So this is a rather strange usage of "maintenance overhead" :)

But it's something we thought of. If we had to plumb around a _RET_IP_
parameter, or a codetag pointer, it would be a hassle annotating the
correct callsite.

Instead, alloc_hooks() wraps a memory allocation function and stashes a
pointer to a codetag in task_struct for use by the core slub/buddy
allocator code.

That means that in your example, to move tracking to a given seq_file
function, we just:
 - hook the seq_file function with alloc_hooks
 - change the seq_file function to call non-hooked memory allocation
   functions.

> It would have been more convincing if you had some numbers at hands.
> E.g. this is a typical workload we are dealing with. With the compile
> time tags we are able to learn this with that much of cost. With a dynamic
> tracing we are able to learn this much with that cost. See? As small as
> possible is a rather vague term that different people will have a very
> different idea about.

Engineers don't prototype and benchmark everything as a matter of
course, we're expected to have the rough equivealent of a CS education
and an understanding of big O notation, cache architecture, etc.

The slub fast path is _really_ fast - double word non locked cmpxchg.
That's what we're trying to compete with. Adding a big globally
accessible hash table is going to tank performance compared to that.

I believe the numbers we already posted speak for themselves. We're
considerably faster than memcg, fast enough to run in production.

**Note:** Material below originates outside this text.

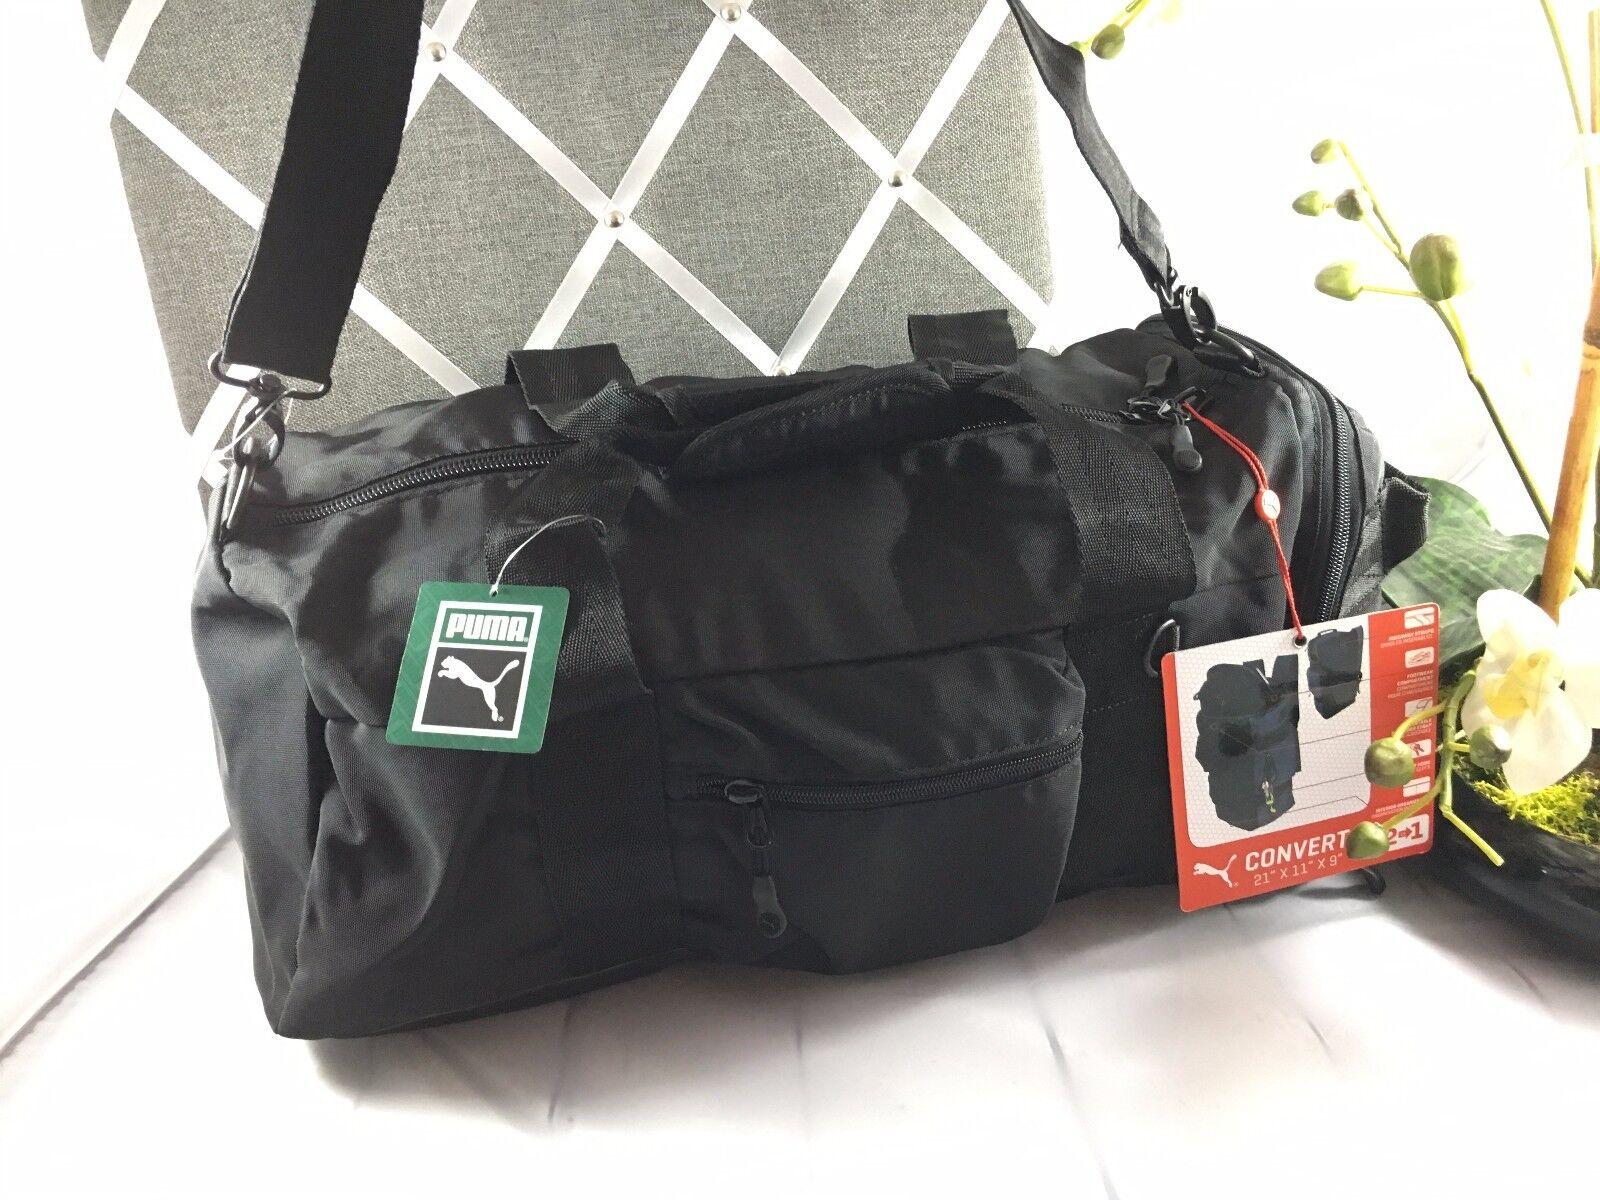 NWT PUMA Mainline CONVERT HYBRID DUFFEL BAG pick color Backpack Duffel 2 in  1   eBay 9f07c8901b

I'm not going to be switching to a design that significantly regresses
performance, sorry :)

> TBH I am much more concerned about the maintenance burden on the MM side
> than the actual code tagging itslef which is much more self contained. I
> haven't seen other potential applications of the same infrastructure and
> maybe the code impact would be much smaller than in the MM proper. Our
> allocator API is really hairy and convoluted.

You keep saying "maintenance burden", but this is a criticism that can
be directed at _any_ patchset that adds new code; it's generally
understood that that is the accepted cost for new functionality.

If you have specific concerns where you think we did something that
makes the code harder to maintain, _please point them out in the
appropriate patch_. I don't think you'll find too much - the
instrumentation in the allocators simply generalizes what memcg was
already doing, and the hooks themselves are a bit boilerplaty but hardly
the sort of thing people will be tripping over later.

TL;DR - put up or shut up :)